NeRF is a good example of a network that doesn't have convolutions yet requires a ton of iterations to train. This paper is particularly relevant to wide networks which are important because CPU memory is currently much cheaper than GPU memory (even for FANG researchers!).
Interesting, I didn't know that NeRF was simply a feedforward network.

I hope that this research group can make more headway into training on CPUs, but I also would like to (naively) see less hyperbolic titles. This paper is not just particularly relevant to wide networks - it's only relevant to wide networks.

I think you mean to say "fully connected" in place of "feed-forward" when trying to draw a distinction with respect to "convolutional".
This is why I come to HN, to find out why it doesn't work in the general case. I can always count on you guys to point out why something is an evolutionary change rather than revolutionary
> doesn't yet

Does that mean it can / will?

The original paper includes convolutional layer support in their future work & next steps. But it's not a foregone conclusion that the same speedup will occur.
True.
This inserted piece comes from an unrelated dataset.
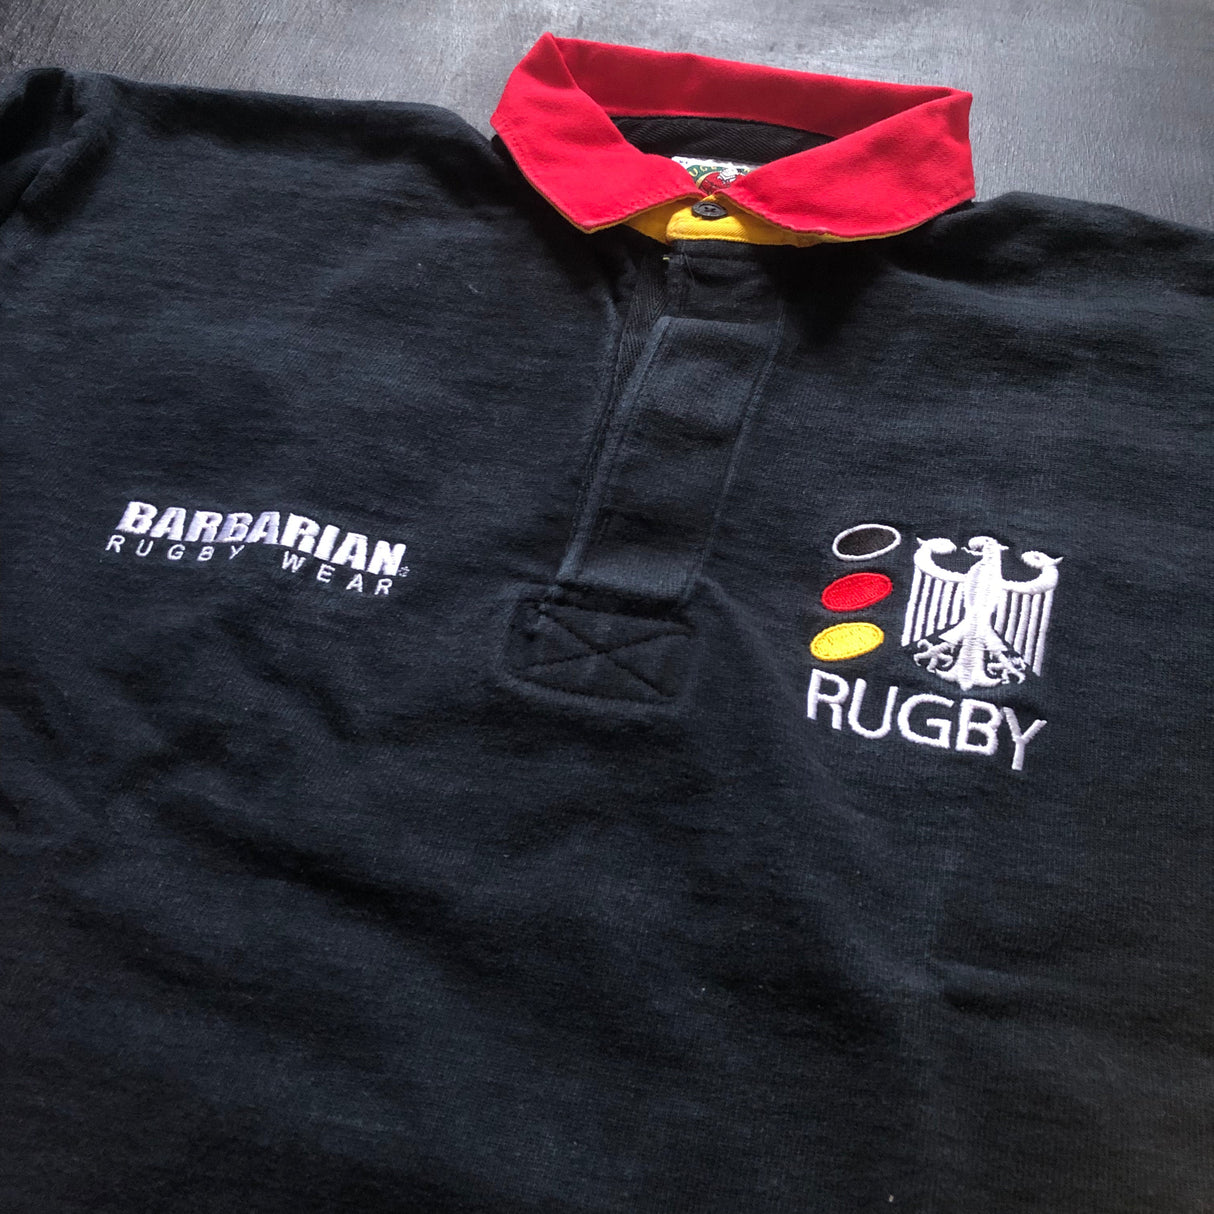 Germany National Rigby Team Jersey 2003/2004 XL Underdog Rugby - The Tier 2 Rugby Shop 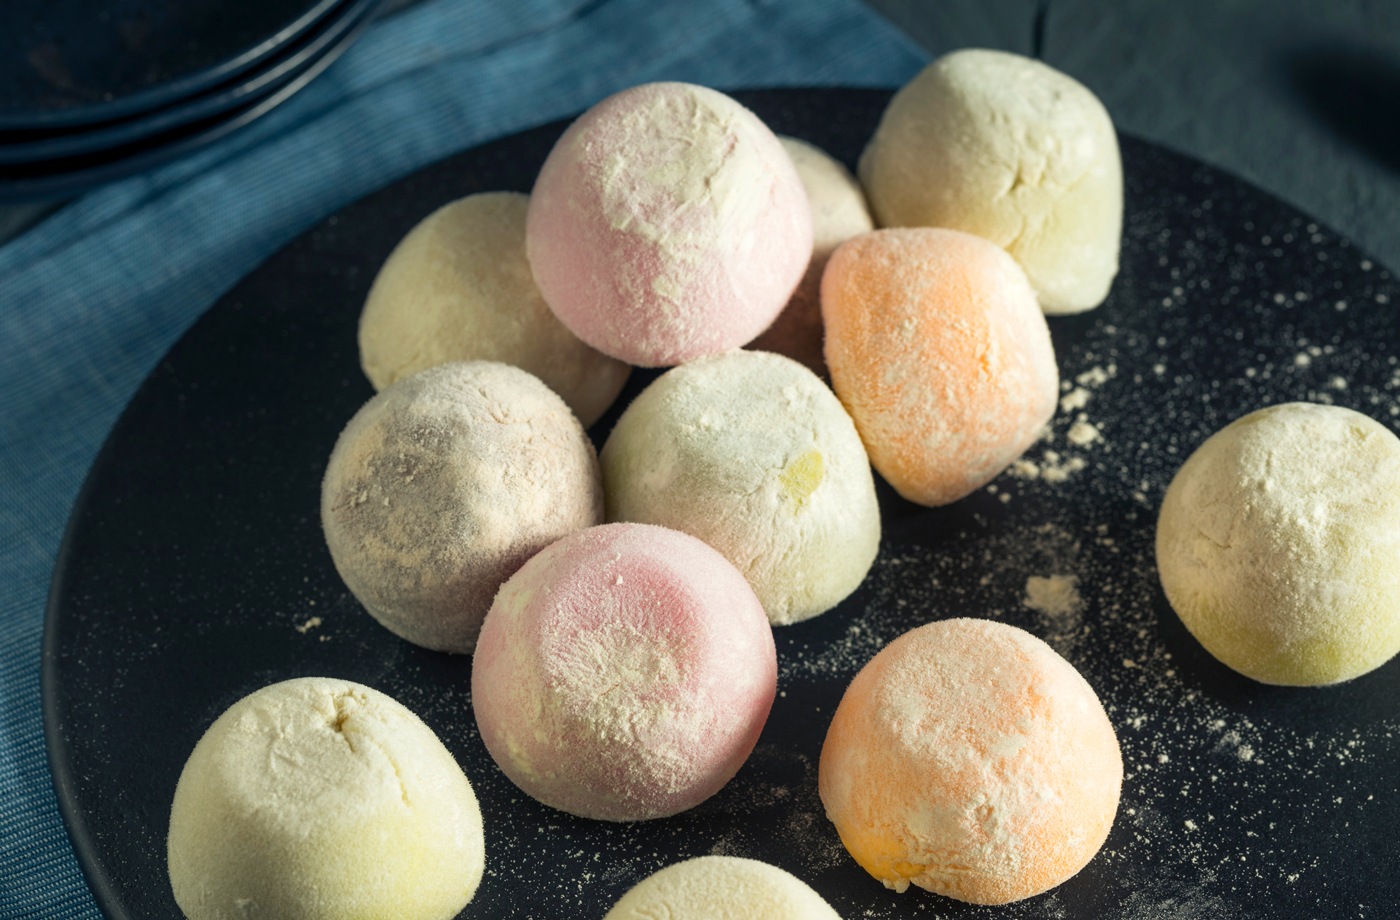 These new mini mochi from Trader Joe's make for the perfect after-dinner treat

I know it exists for inference though. Wondering where/when solutions like MKL might work for training.
Right, that's kinda nasty. Titles of papers refer deep learning, but I don't think fully connected networks might be considered a as deep learning.
What? No. Fully connected networks are deep learning, and actually the most important deep learning workload. See: Applied Machine Learning at Facebook: A Datacenter Infrastructure Perspective:

https://research.fb.com/publications/applied-machine-learnin...

Table 1 shows News Feed service uses fully connected networks model, and table 3 shows this workload dominates all other workloads.

Transformers, which are currently waging a successful campaign to conquer all Deep Learning, are largely stacked feed-forward networks, matrix multiplies and maps. Some ideas to make attention more scalable, such as LSH or large sparse attention matrices seem like they'd be well suited to this approach.

Their approach should also be readily adaptable to RNNs, including LTSMs.

Certainly worth investigating as an alternative for efficiently running and training giant networks on less expensive hardware.